Complex early seral forests are structurally more complex, contain more large trees and snags, and have more diverse understories, more functional ecosystem processes, and more diverse gene pools than areas of timber harvest. These characteristics provide greater resilience in the face of climate change than that provided by the simplified early seral forests produced by logging. Complex early seral forest attributes promote a high level of species richness, particularly bird communities that utilize these forests extensively.

The residual biomass of snags reduces disturbance stress and provides for the rapid proliferation of new life For example, seed banks and live vegetation tissue gives rise to dense forb cover, abundant grasses, and shrubs – especially nitrogen fixers (e.g., Ceanothus spp.) and ectomycorrhizal associates (e.g., Manzanita spp.) that facilitate conifer growth. Closed cone conifers like giant sequoia also do well in these forests. Other plants that can abundantly colonize burns, such as conifers and fireweed, arrive by wind or animal dispersed seed. Plant species richness of snag forests can be much higher than in unburned forests.

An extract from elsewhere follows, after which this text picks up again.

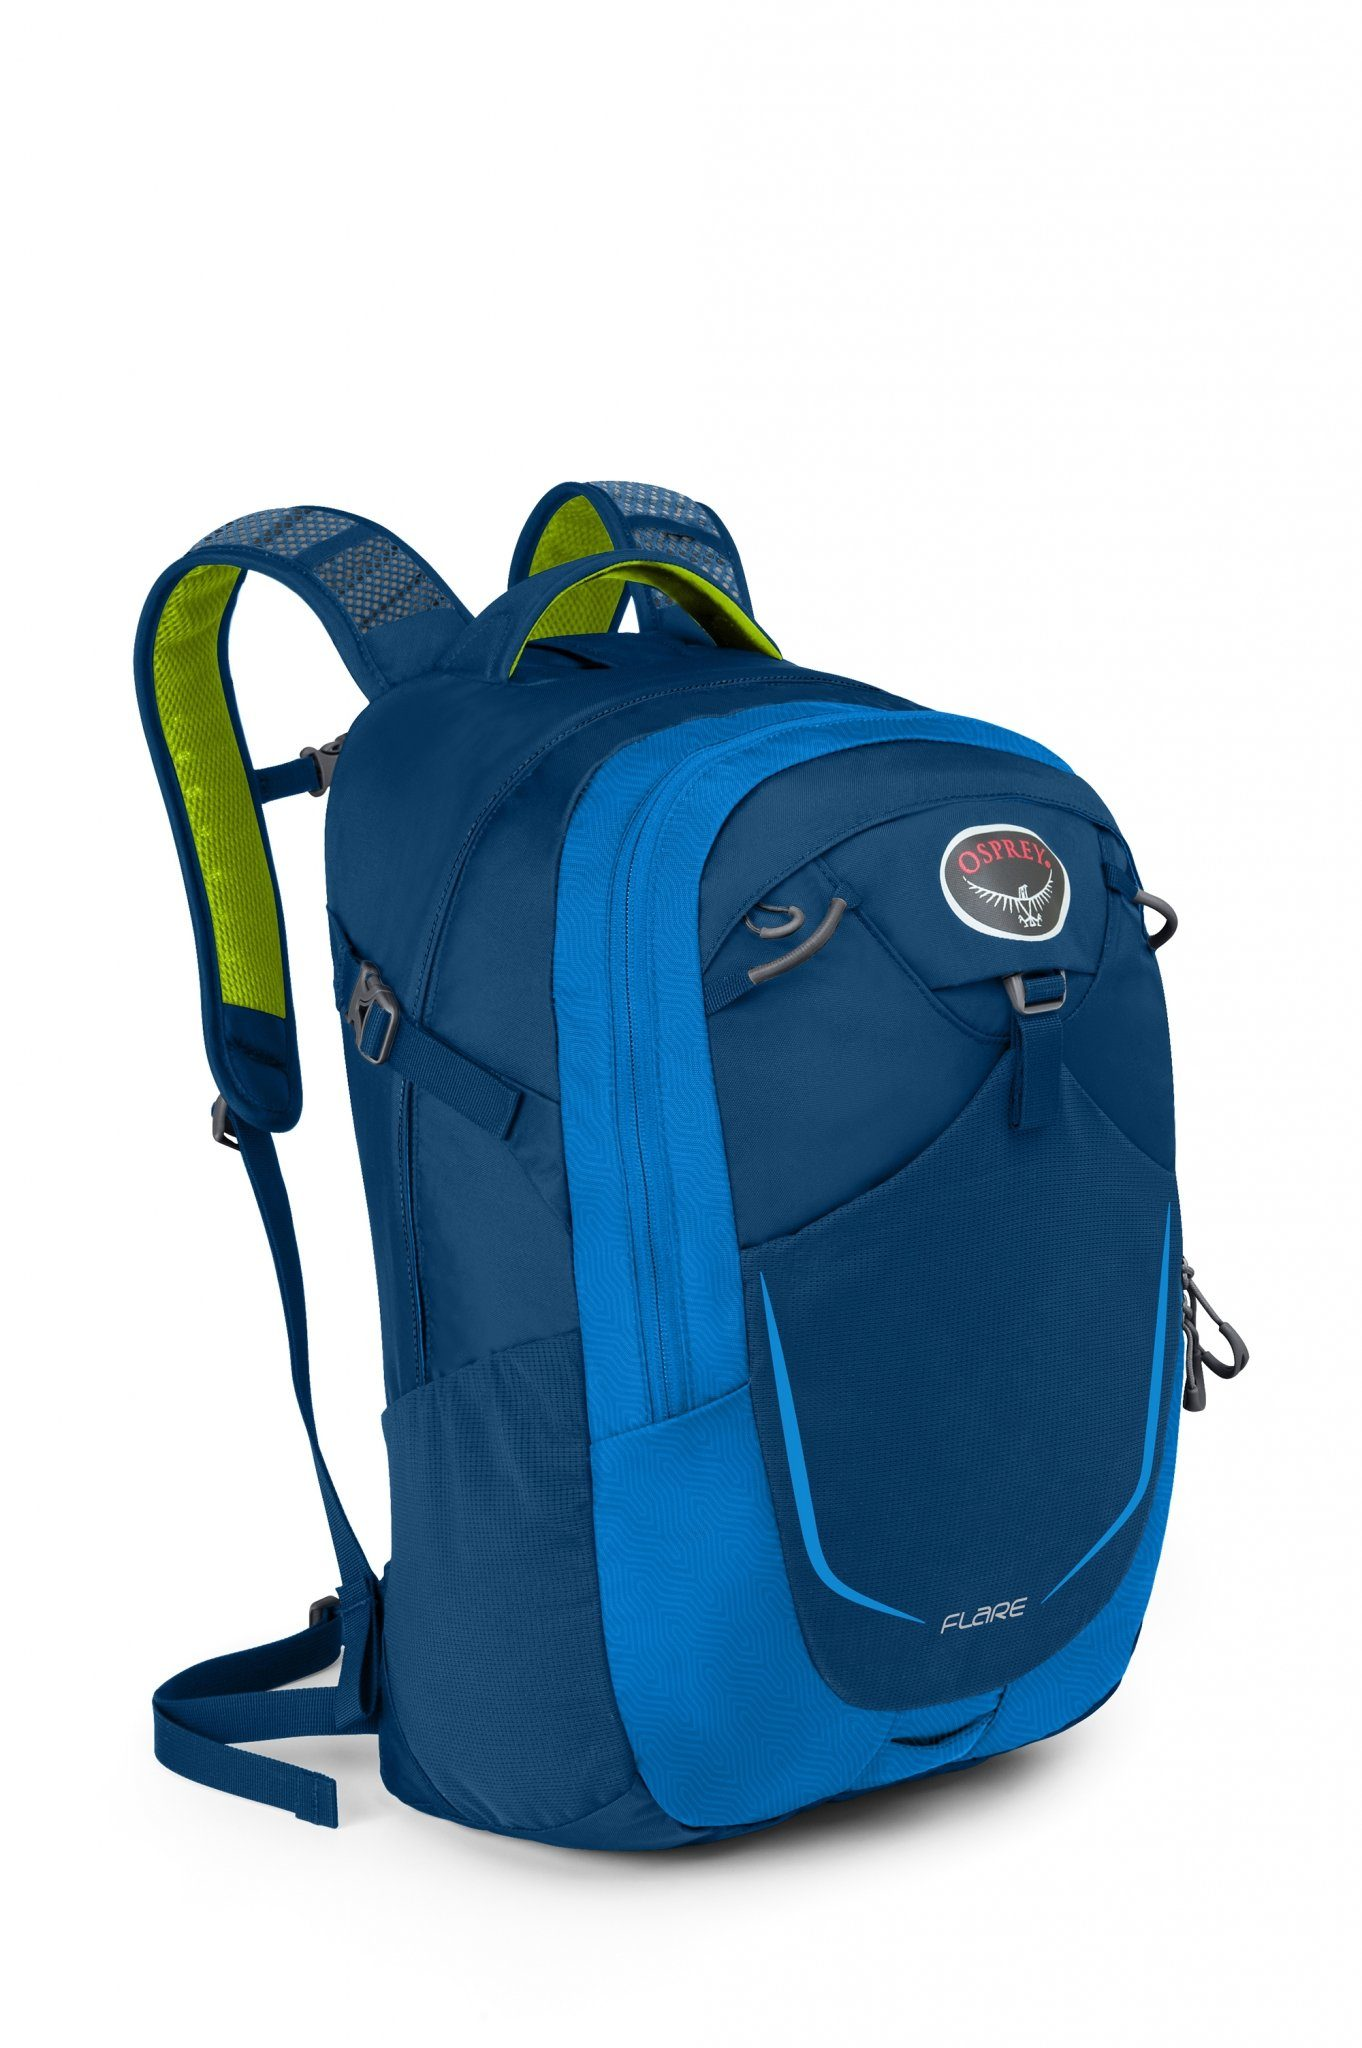 Osprey Wanderrucksack »Flare 22 Backpack«

Bird and small mammal communities that utilize complex early seral forests forage on the abundant insects and increased abundance of seeds in the post-fire flora. These species, in turn, support an increase in raptors. Bird species such as the Black-backed Woodpecker, Olive-sided Flycatcher (Contopus cooperi), Mountain Bluebird (Sialia currucoides), Chipping Sparrow (Spizella passerina), and Mountain Quail (Oreortyx pictus) achieve highest abundances in complex early seral forests. Bats (Myotis, Idionycteris, Lasionycteris, and Eptesicus) also use complex early seral forests because of greater insect prey as well as suitable roosts. Stand-replacing fires stimulate an increased flow of aquatic prey to terrestrial habitats, driving increases in riparian consumers. The trees killed by fire are beneficial to the ecological integrity of stream communities because they are a main source of large woody debris inputs. There is also reproduction by some forest fungi species that are restricted to burns (e.g., morels, Morchella spp.) and the dead wood provides substrate for fungal growth that supports many arthropod species, including unique fire-following native beetles. Beetles, in general, colonize fire-killed trees in complex early seral forests and their abundant larvae support species like Black-backed Woodpeckers Forest and Spotted Owl management documents often state that severe wildfire is a cause of recent declines in populations of spotted owls poses a primary threat to Spotted Owl population viability, but a systematic review and meta-analysis found fires created more benefits than costs for spotted owls.